[EXERCISE GOAL]
Leaving out every picture, copy the lines of the data exactly, from the first through the line containing "Kohler Bathroom Mirror".

[PROVIDED MATERIAL]

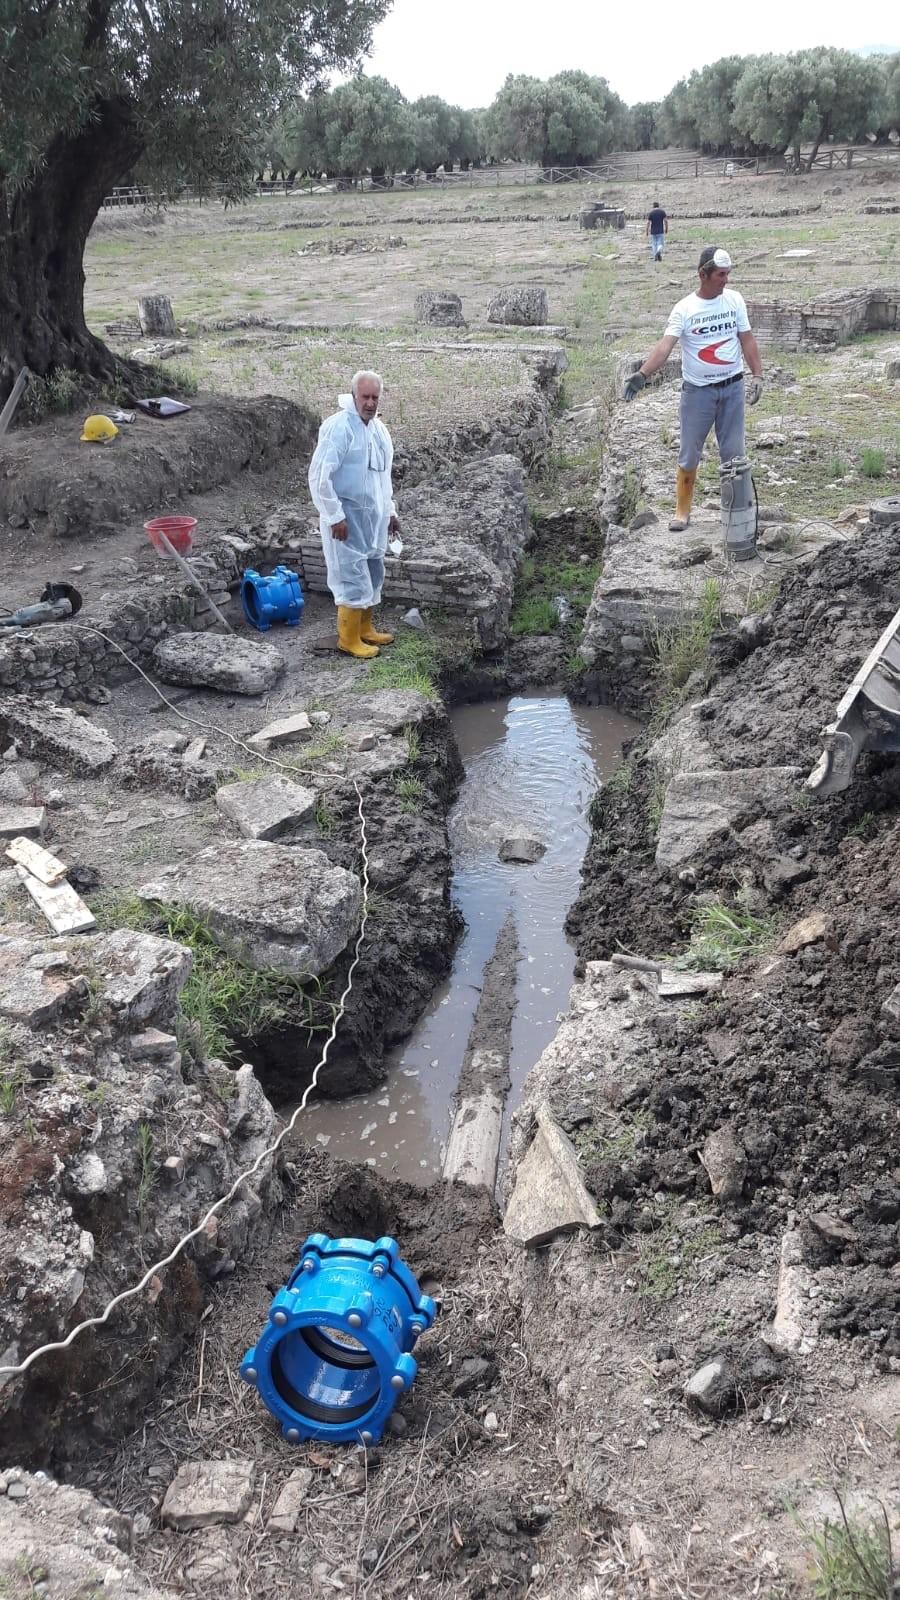 Intervento nel Parco Archeologico Scolacium 66ef0cd8 3081 4c12 a629 98a8edd76c3b
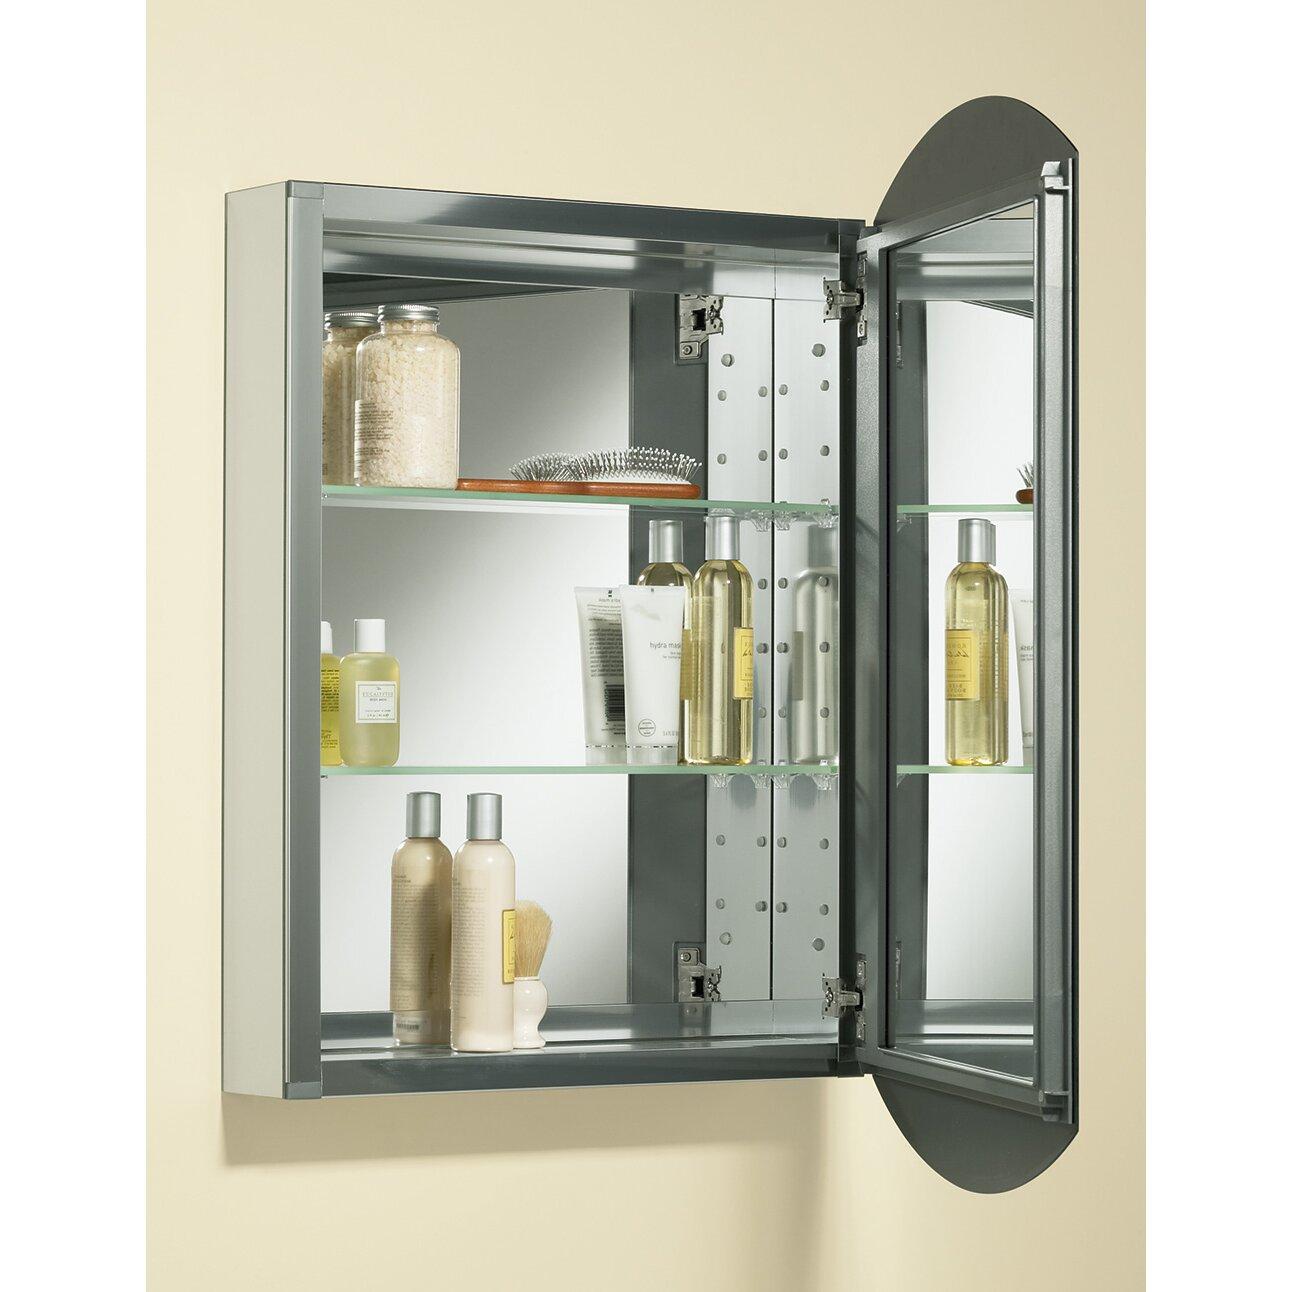 Kohler Bathroom Mirror Kohler Archer 20 X 31 Aluminum Wall Mount Medicine Cabinet With
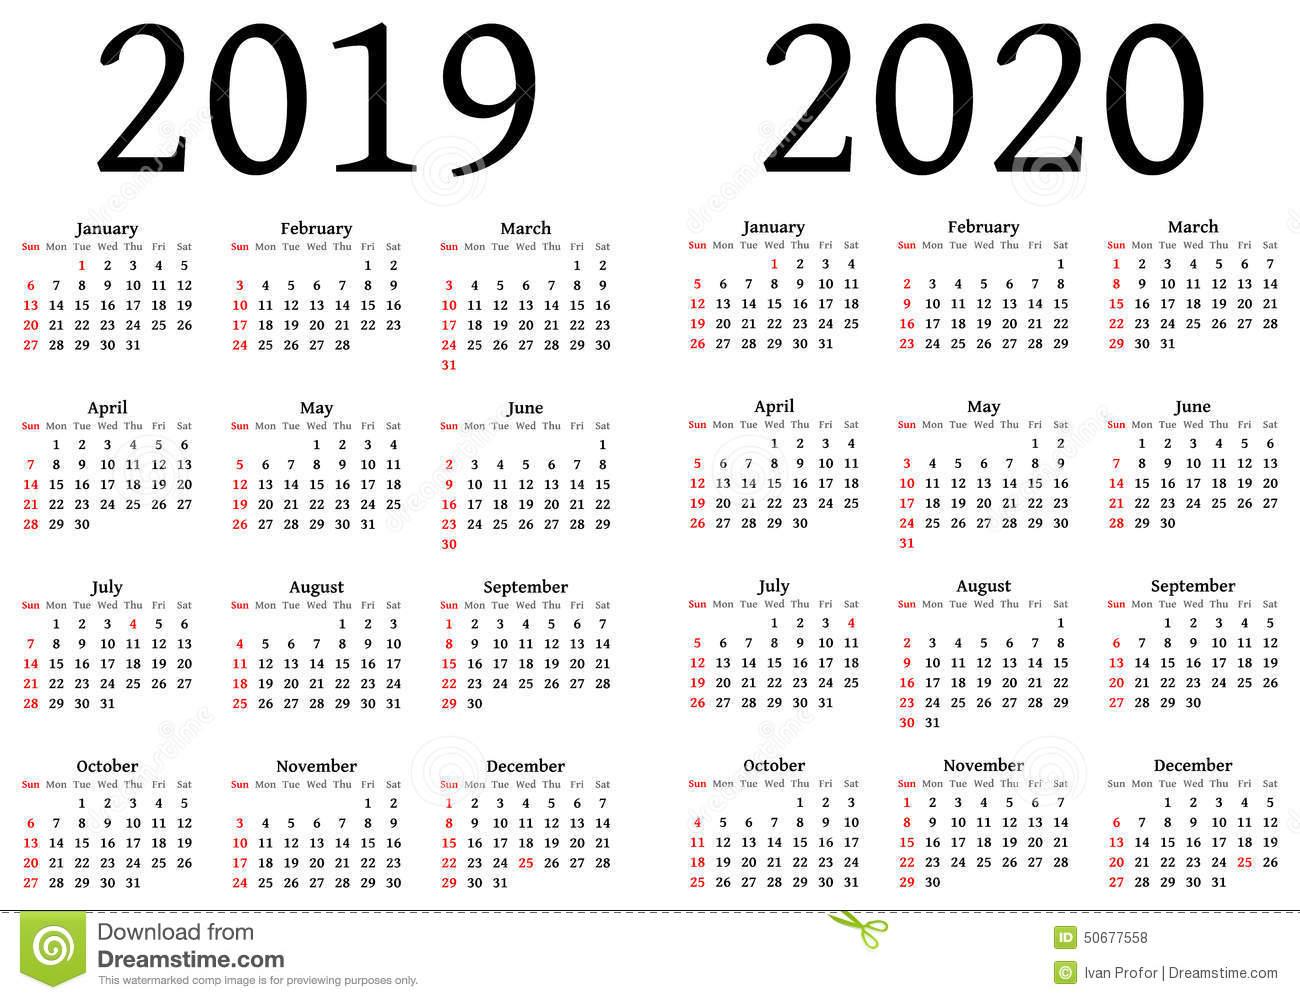 Printable Calendar For 2019 And 2020 | Printable Calendar 2019 with regard to Free Printaabke Calendars For 2019-2020

[ANSWER BOX]
 Intervento nel Parco Archeologico Scolacium 66ef0cd8 3081 4c12 a629 98a8edd76c3b
 Kohler Bathroom Mirror Kohler Archer 20 X 31 Aluminum Wall Mount Medicine Cabinet With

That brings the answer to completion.